_EXERCISE:_ Take the material below and extract the lines from the one with "the network singleton" through the one with "Louis Vuitton Wallet", word for word, without pictures.

_EXCERPTED RECORDS:_
= = = = =

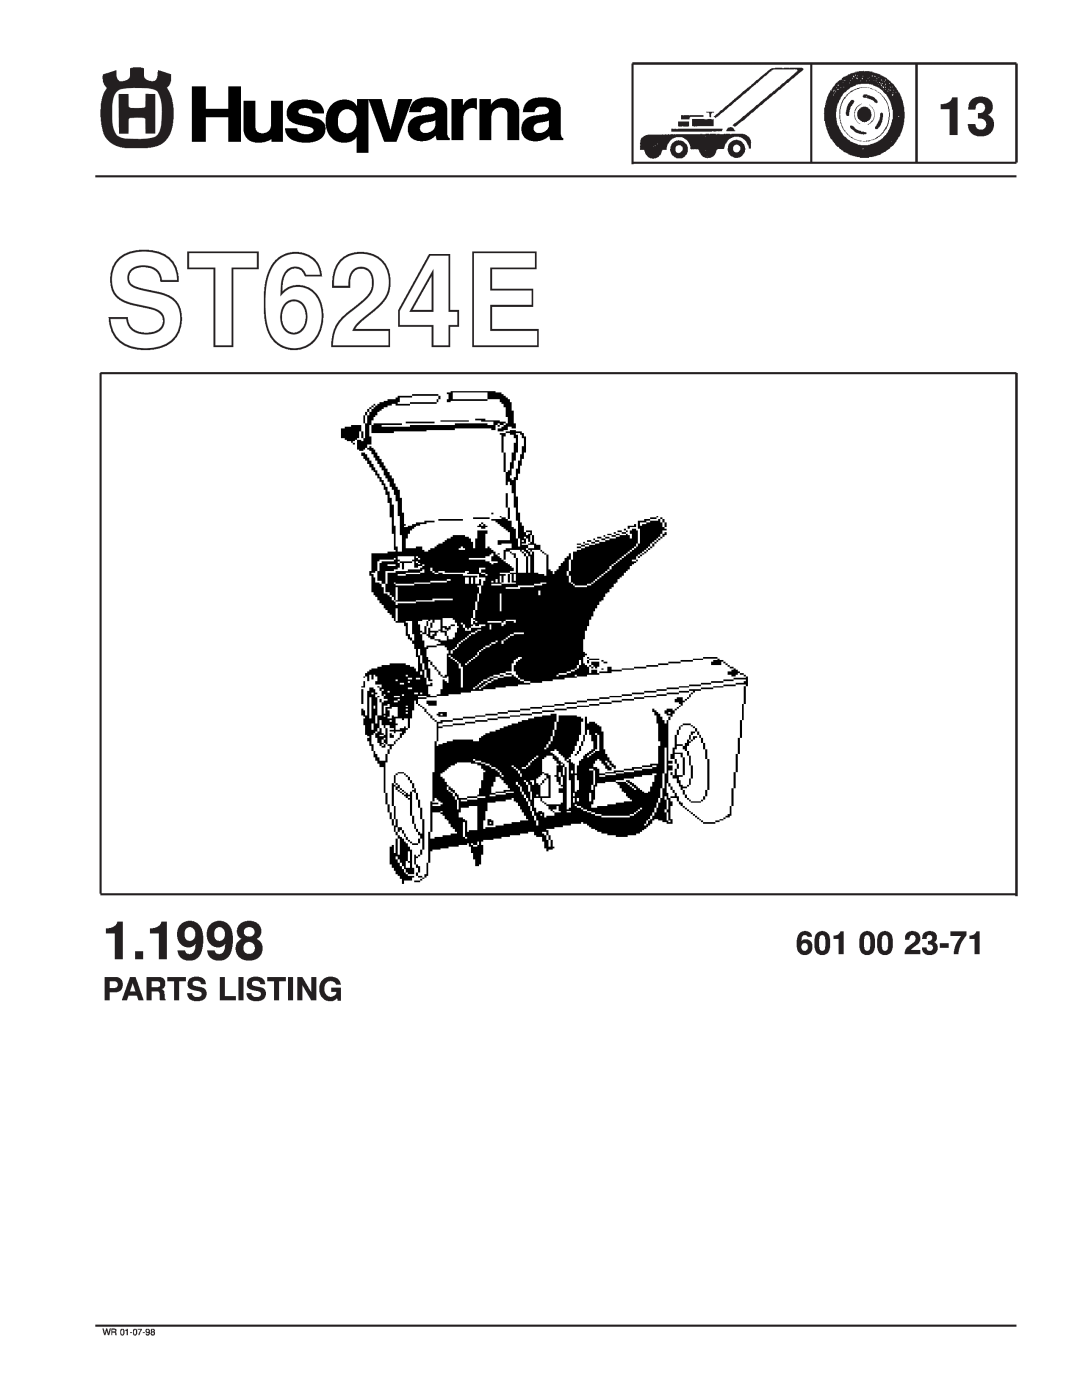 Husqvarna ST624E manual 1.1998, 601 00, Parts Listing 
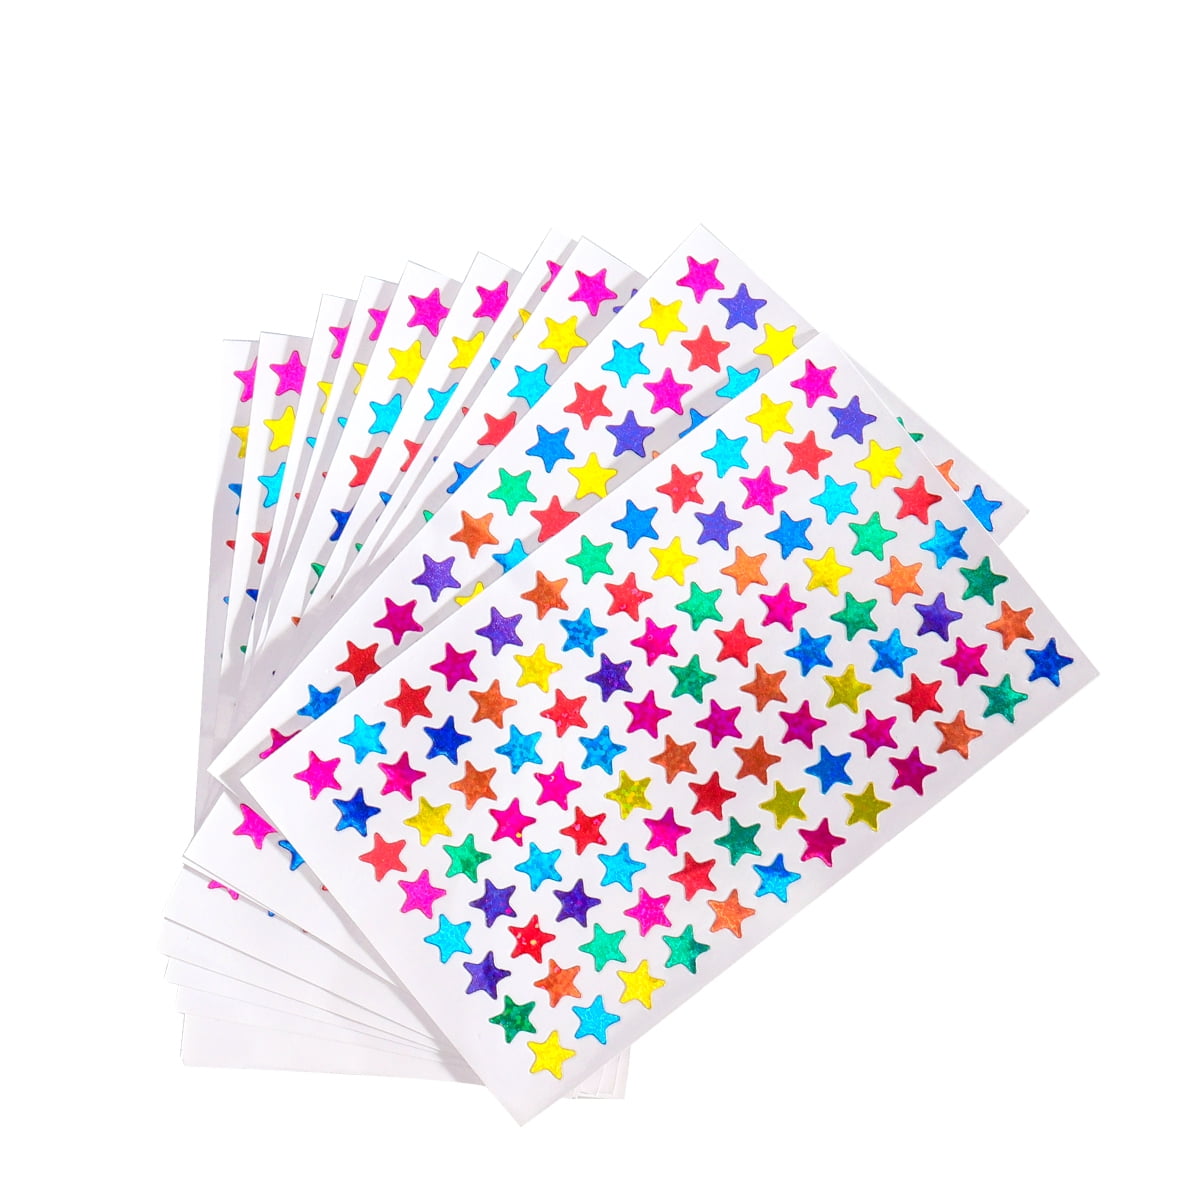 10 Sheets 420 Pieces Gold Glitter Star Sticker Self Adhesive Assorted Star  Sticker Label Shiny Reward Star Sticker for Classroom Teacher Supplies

= = = = =

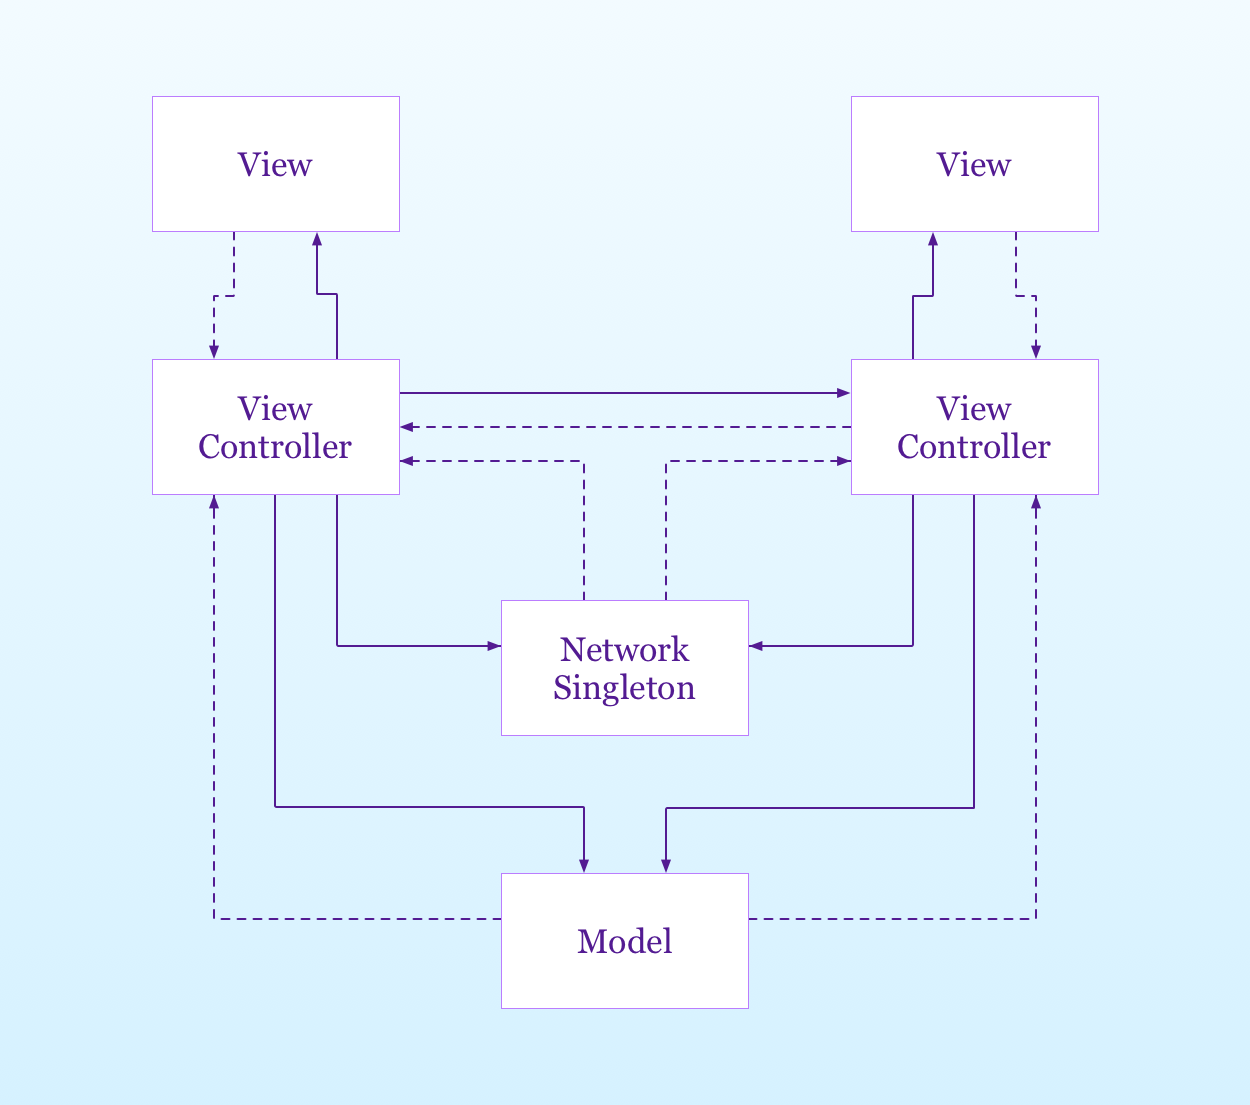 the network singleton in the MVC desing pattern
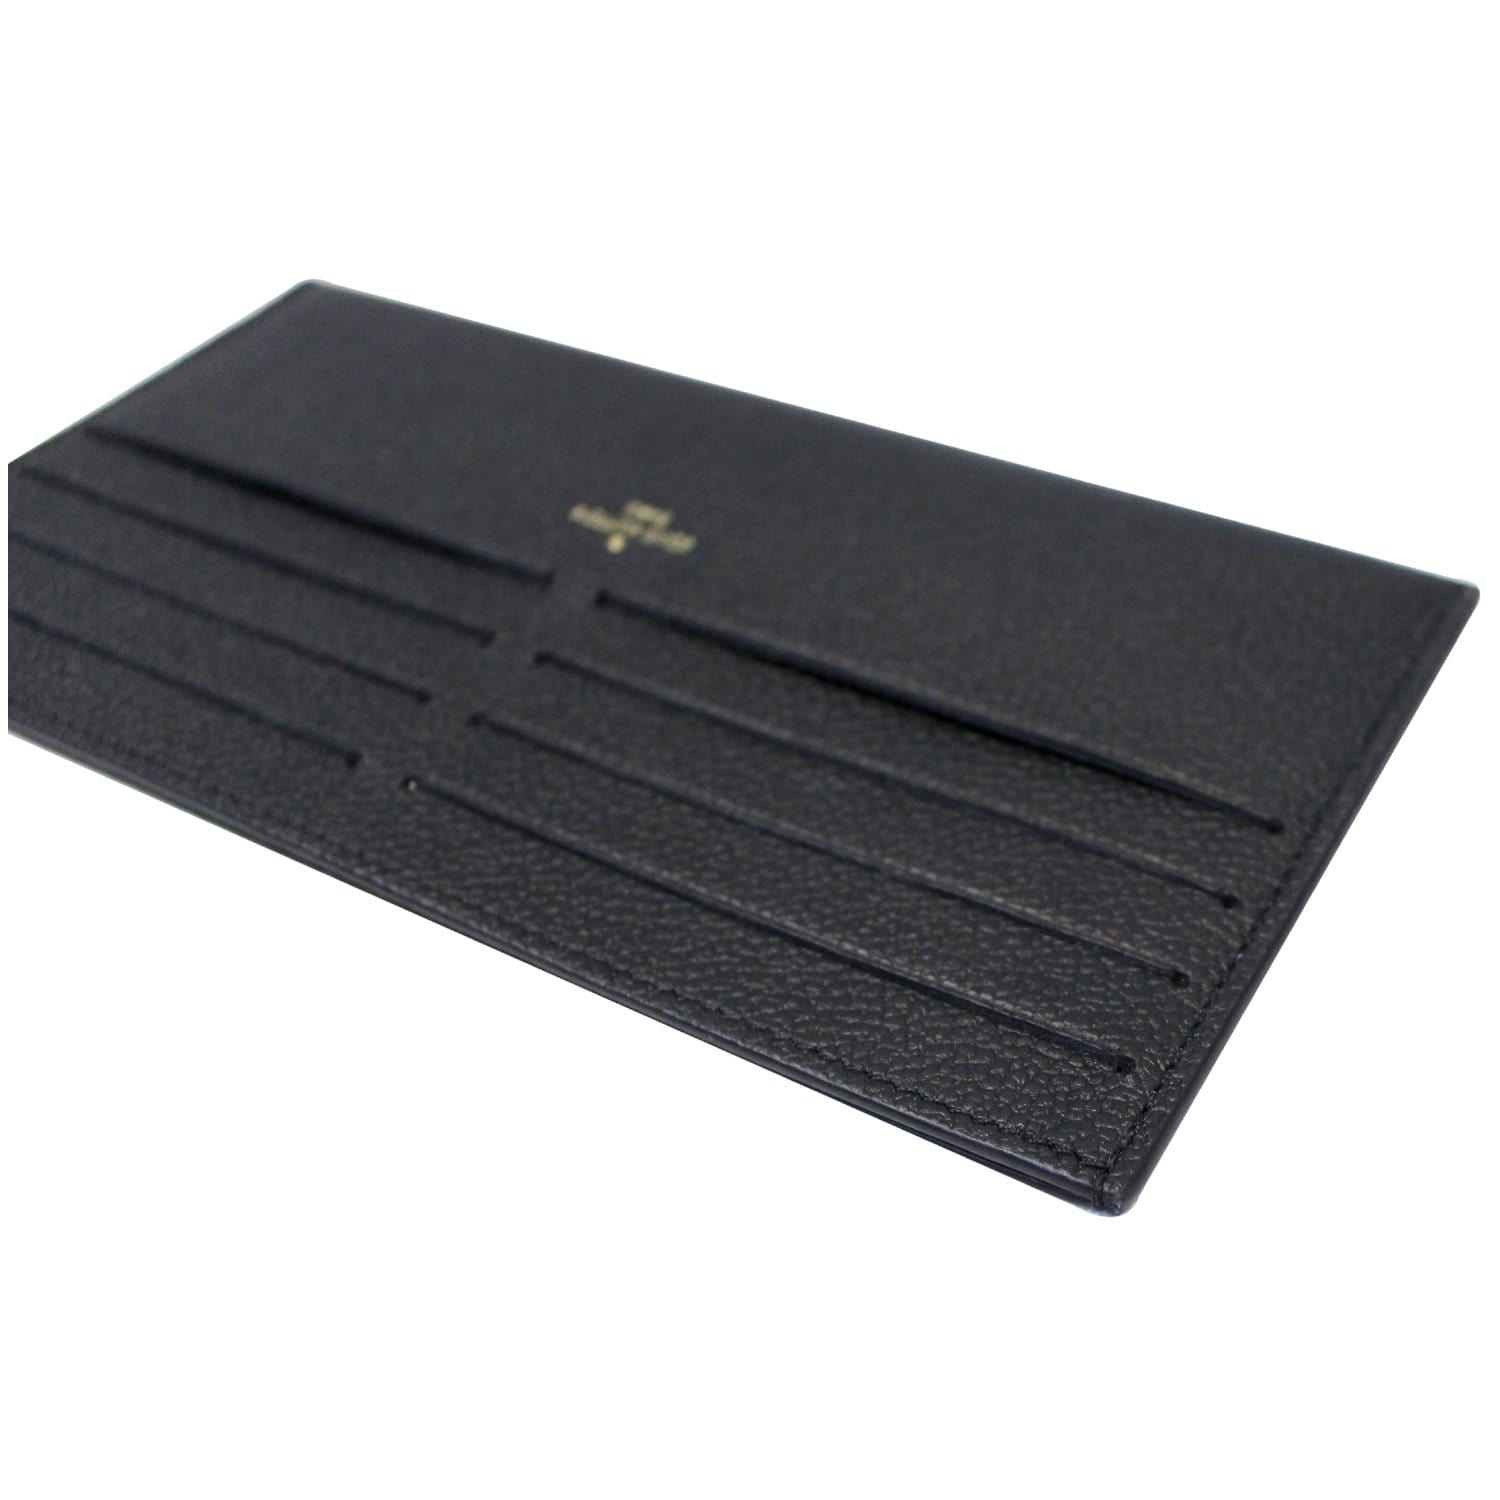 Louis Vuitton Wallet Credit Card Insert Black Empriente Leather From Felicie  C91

= = = = =

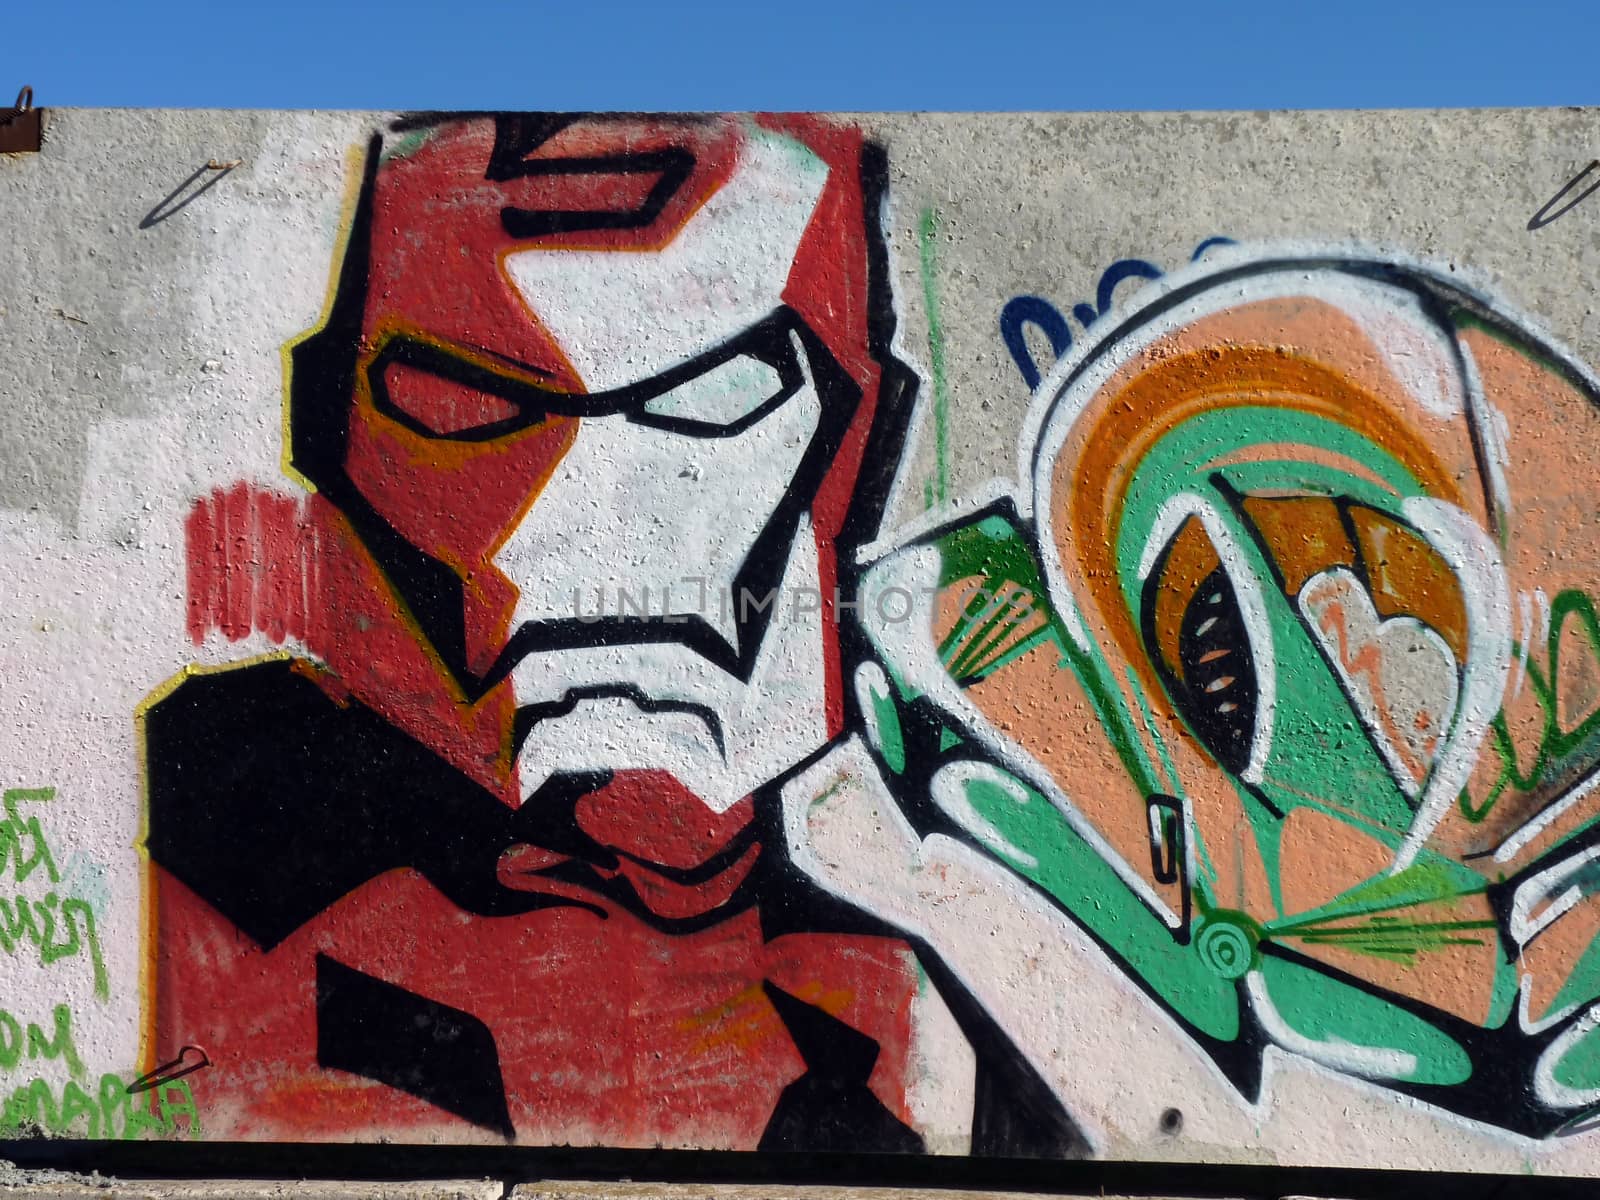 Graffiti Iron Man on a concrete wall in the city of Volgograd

= = = = =

_TASK RESULT:_
 the network singleton in the MVC desing pattern
 Louis Vuitton Wallet Credit Card Insert Black Empriente Leather From Felicie  C91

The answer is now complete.